SPEAKER_02:Right. That's what I love about it is that it does, it forces you, for lack of a better word, to understand if this is really the right direction to go in. Like if you can't answer that question of why, well enough to prove that it supports your business and your goals then it's time to move on to the next thing scratch that like scrap that move on and i that's what i really love about the okrs is like for my team they're very much aware of what i am responsible for for our team for okrs and then here's the key results that we get there so how are we as a team going to bridge the gap between these two things what are the actions that we're taking that's going to get us there And then it's like, it's ever evolving. So it's like on a week to week basis, it's like, this didn't really work. So like, here's what I'm thinking now. And it's still, it's still in, it's still, you were just all, you're agile in the in-between, but you've, you've recognized what you want to do. And then, like you said, it's not just about getting the blog done, but it's the fact that 500 people read it in the first week that it was out there. Right. I just, it's, it's so amazing. it just makes the connection in my brain. Like my synapses are all firing where it's like, oh yeah, that makes sense. And so I love using these for exactly that reason. It hones in on agility and collaboration. And like, what else do you need? You know what I mean? Everything else comes after that.
SPEAKER_01:Well, and the agility is perfect because a lot of times when you first start people working towards OKRs, It is really, really difficult for people not to jump to the how. They're like, well, let's do this and let's do that. And you're like, whoa, whoa, what's the objective? Where would we be even going this year? Where are we focusing our time, attention, energy, and resources? So if your objective is clear, so for example, if your objective is cultivate a culture that employees are engaged, thriving to retain top team, your key results are written right in there. A culture that employees are engaged, they thrive in, so that's some kind of employee satisfaction rating, whether it's engagement or satisfaction or engaged in training, and retention. So at a minimum, you better have three key results actually measuring your objective. All too often, people are focused with the how, and like you said, We don't know the perfect how yet. If we do something one week and the metric isn't changing after one or two weeks of doing something, we're not doing the right thing. We need to move. If our whole plan is built on this one how, we've already went too deep. And now we've wasted time writing that plan. So it's interesting writing strategic plans where people aren't getting to write every inch of the project.

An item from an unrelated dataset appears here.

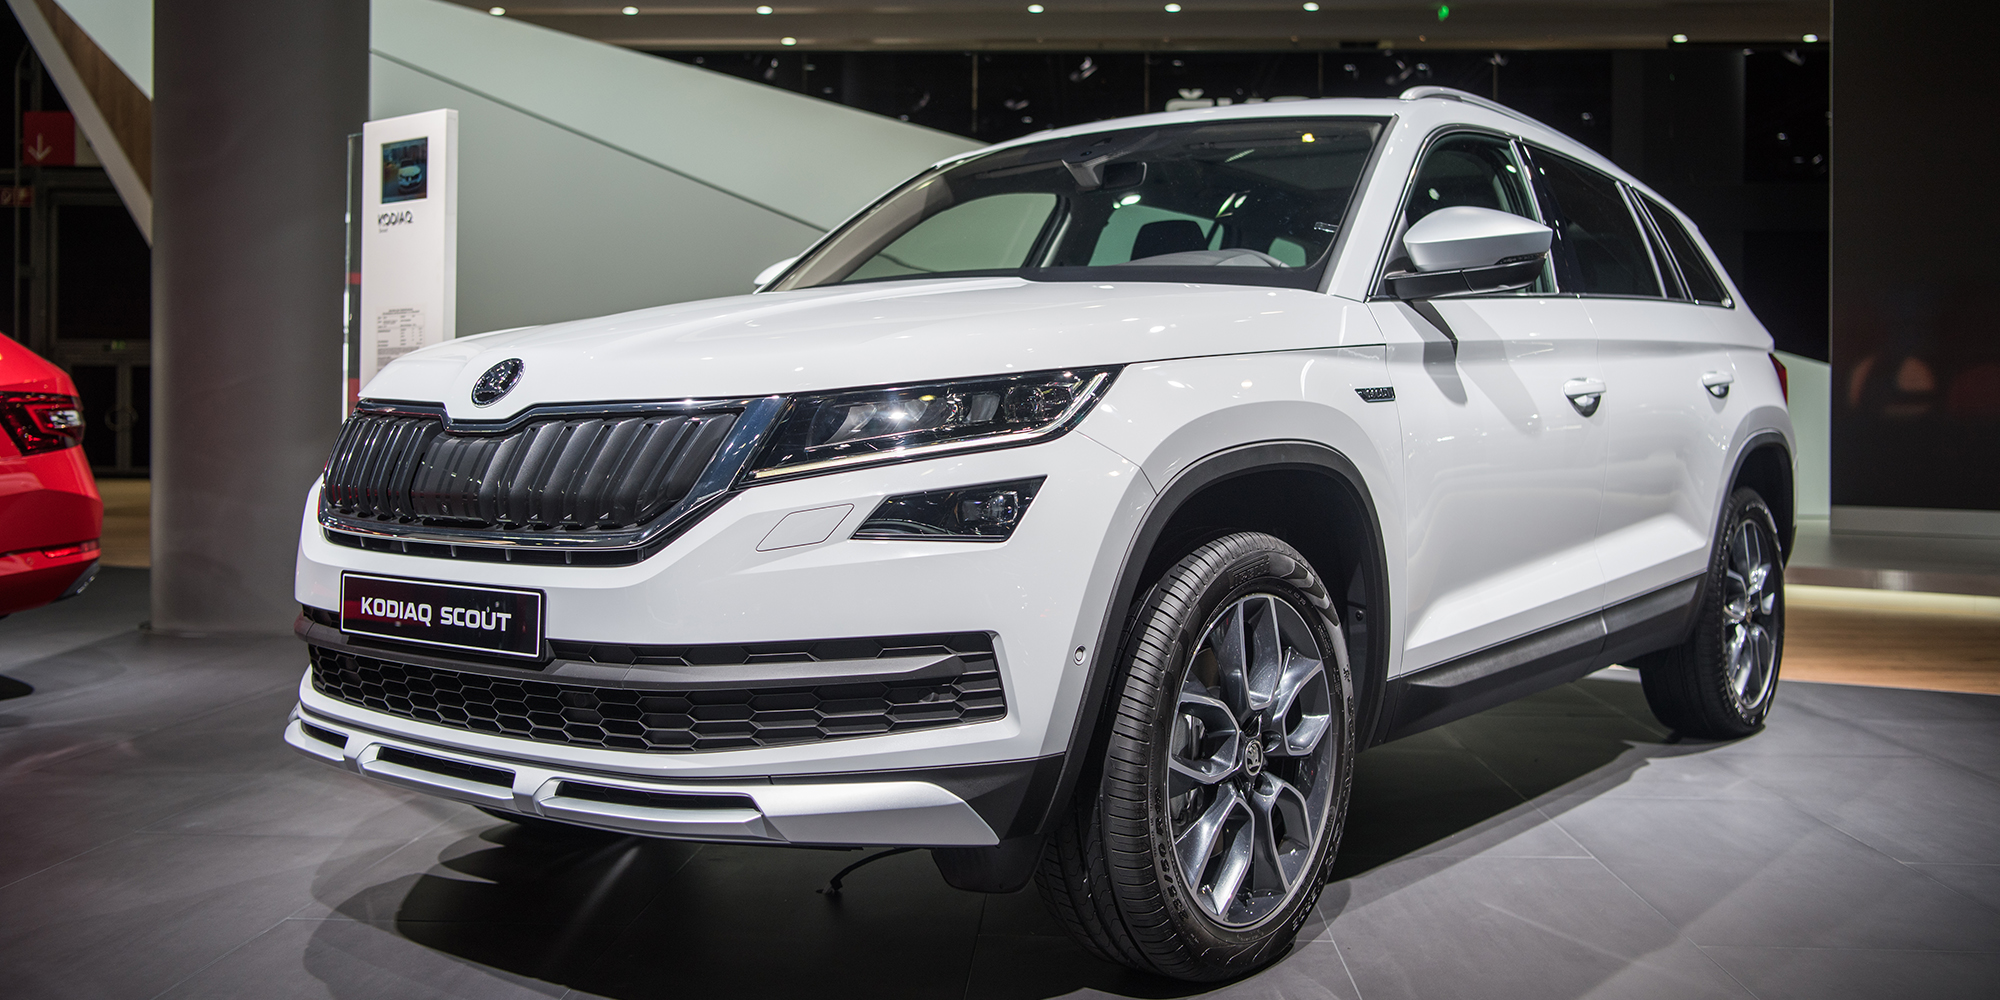 Skoda Kodiaq Scout confirmed for India, arriving in Q4 2019 - Report
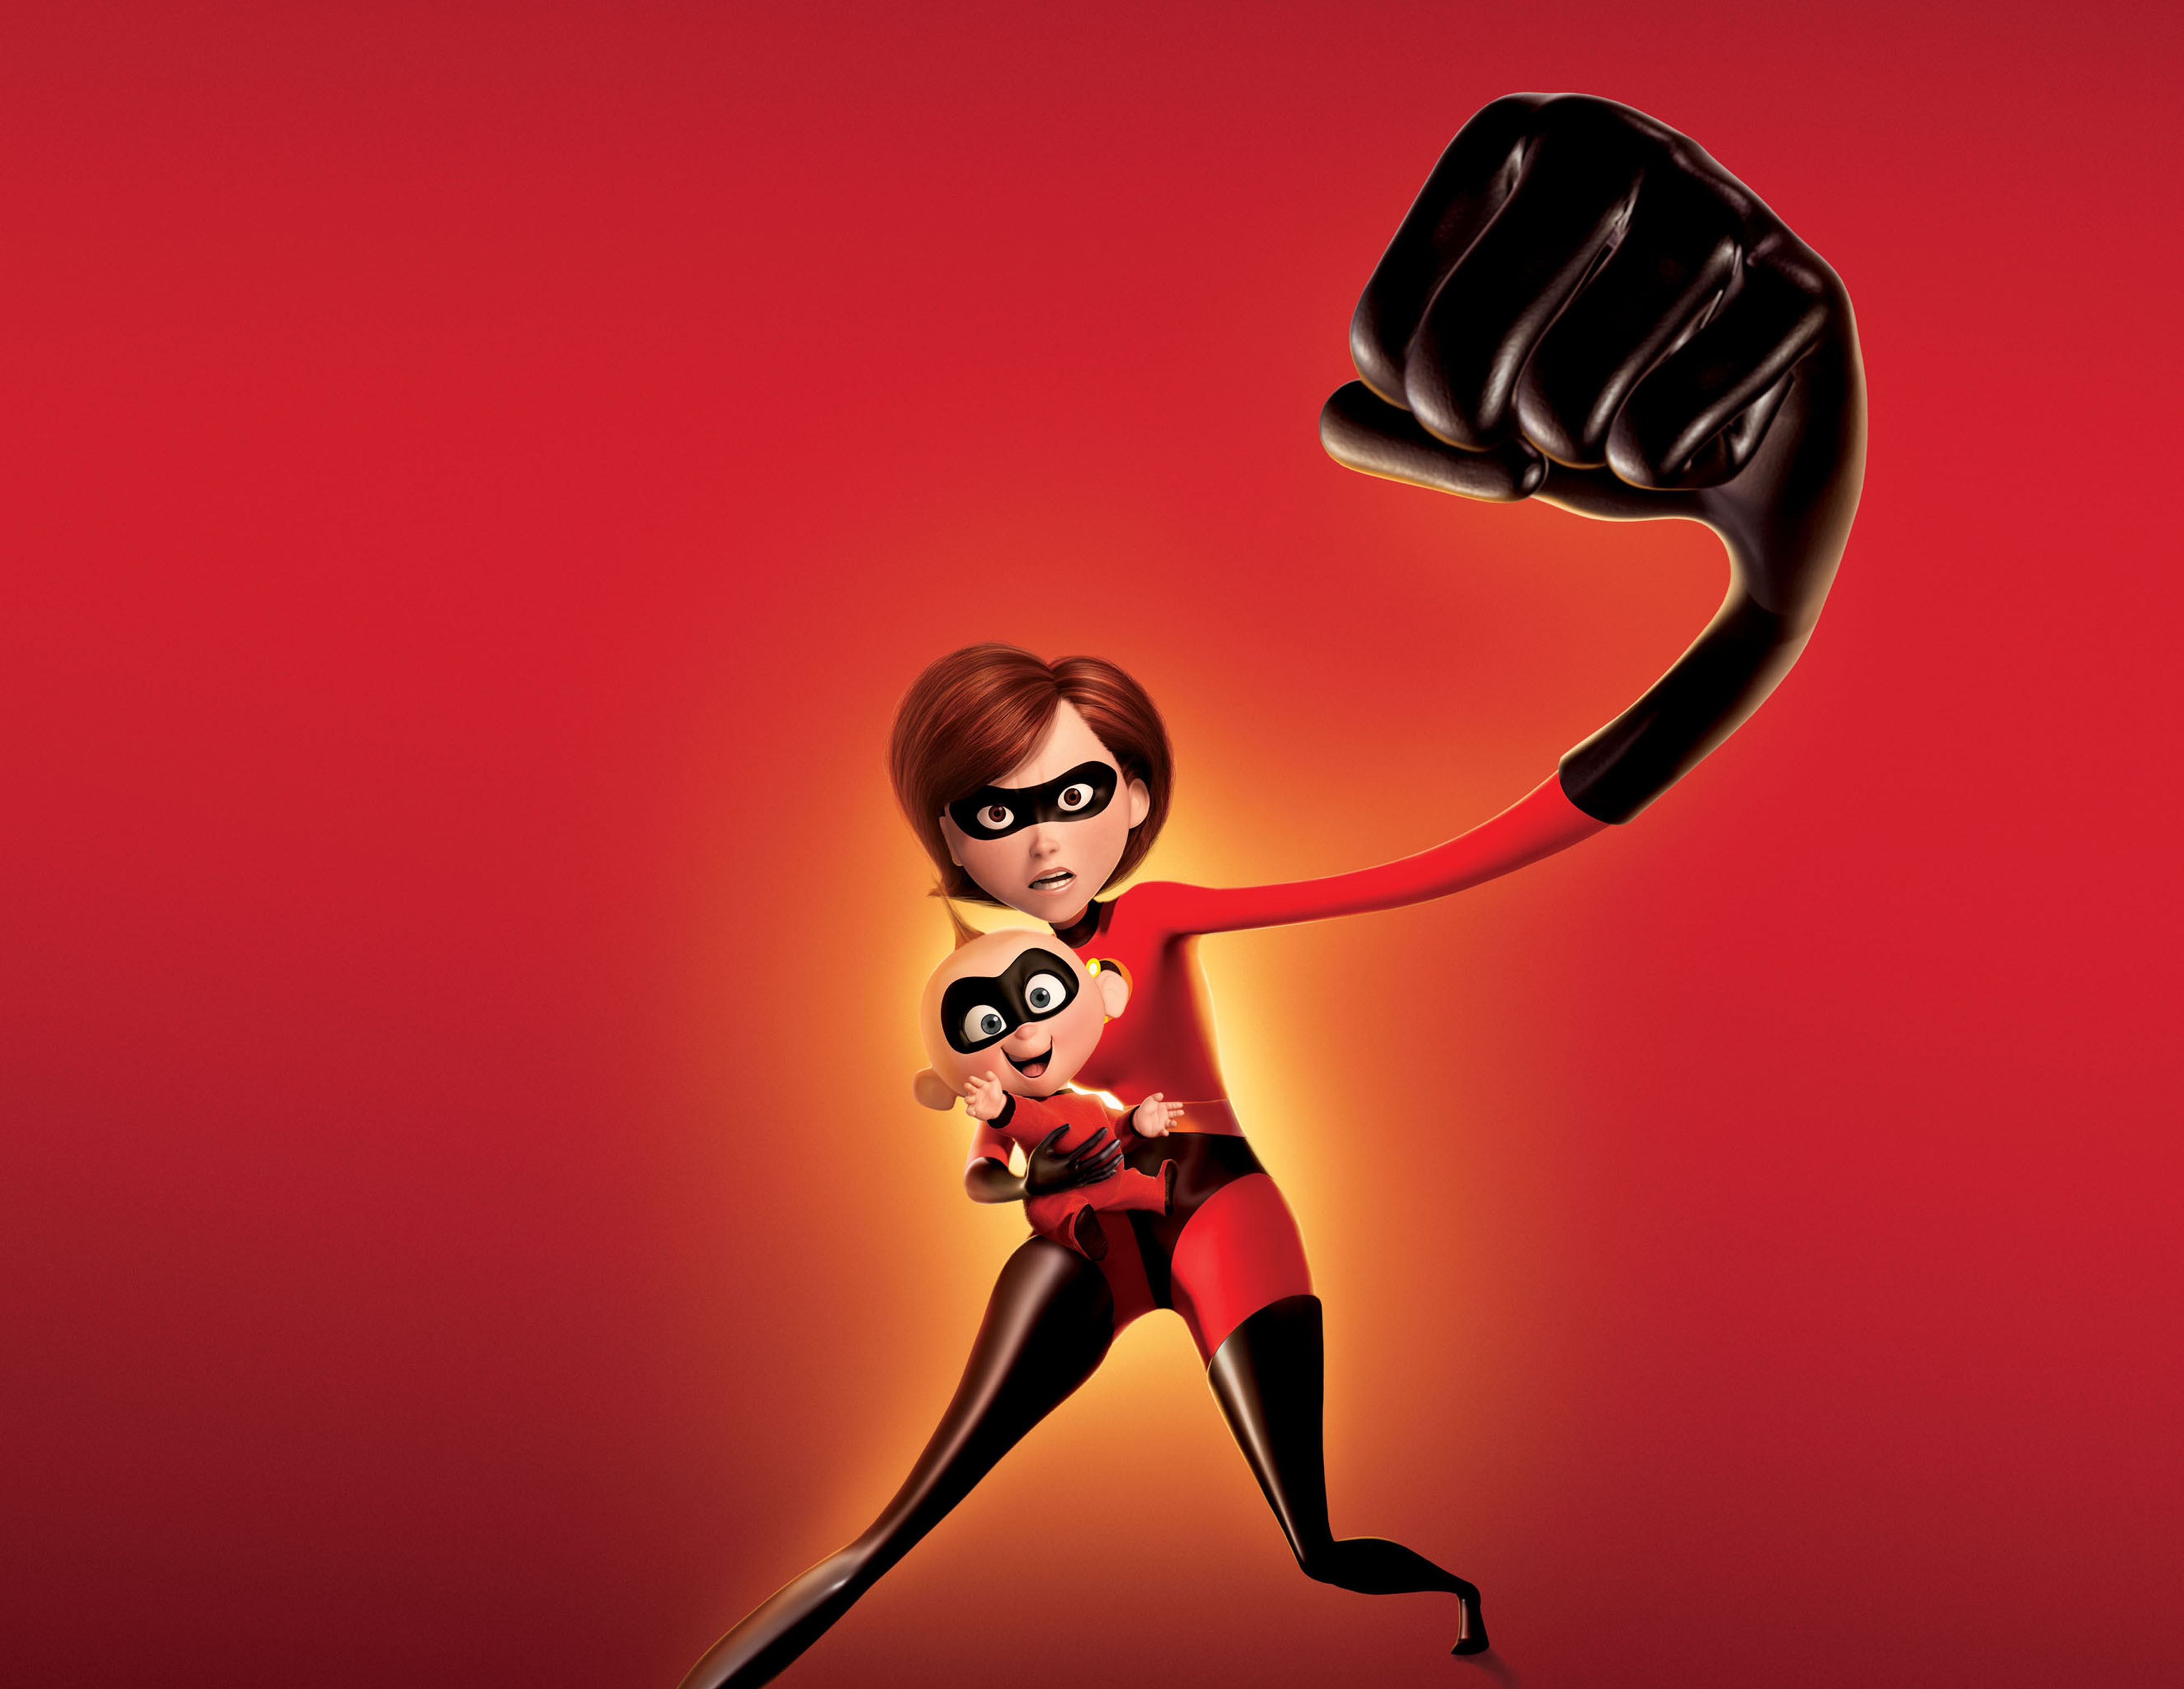 The Incredibles 2 Movie Poster Wallpapers

SPEAKER_02:So I've heard you mention leadership a couple of times. You mentioned the CEO of a little bit earlier delivering messaging and things like that. So it seems very important that the C-suite and these higher levels are a key voice in advocating for OKRs and integrating them, right? It starts from the top. So how can senior leaders be persuaded to be more like take a more active role in the process of creating OKRs? What is it? Is it what's in it for them? How are we motivating people to stick to it and work through it?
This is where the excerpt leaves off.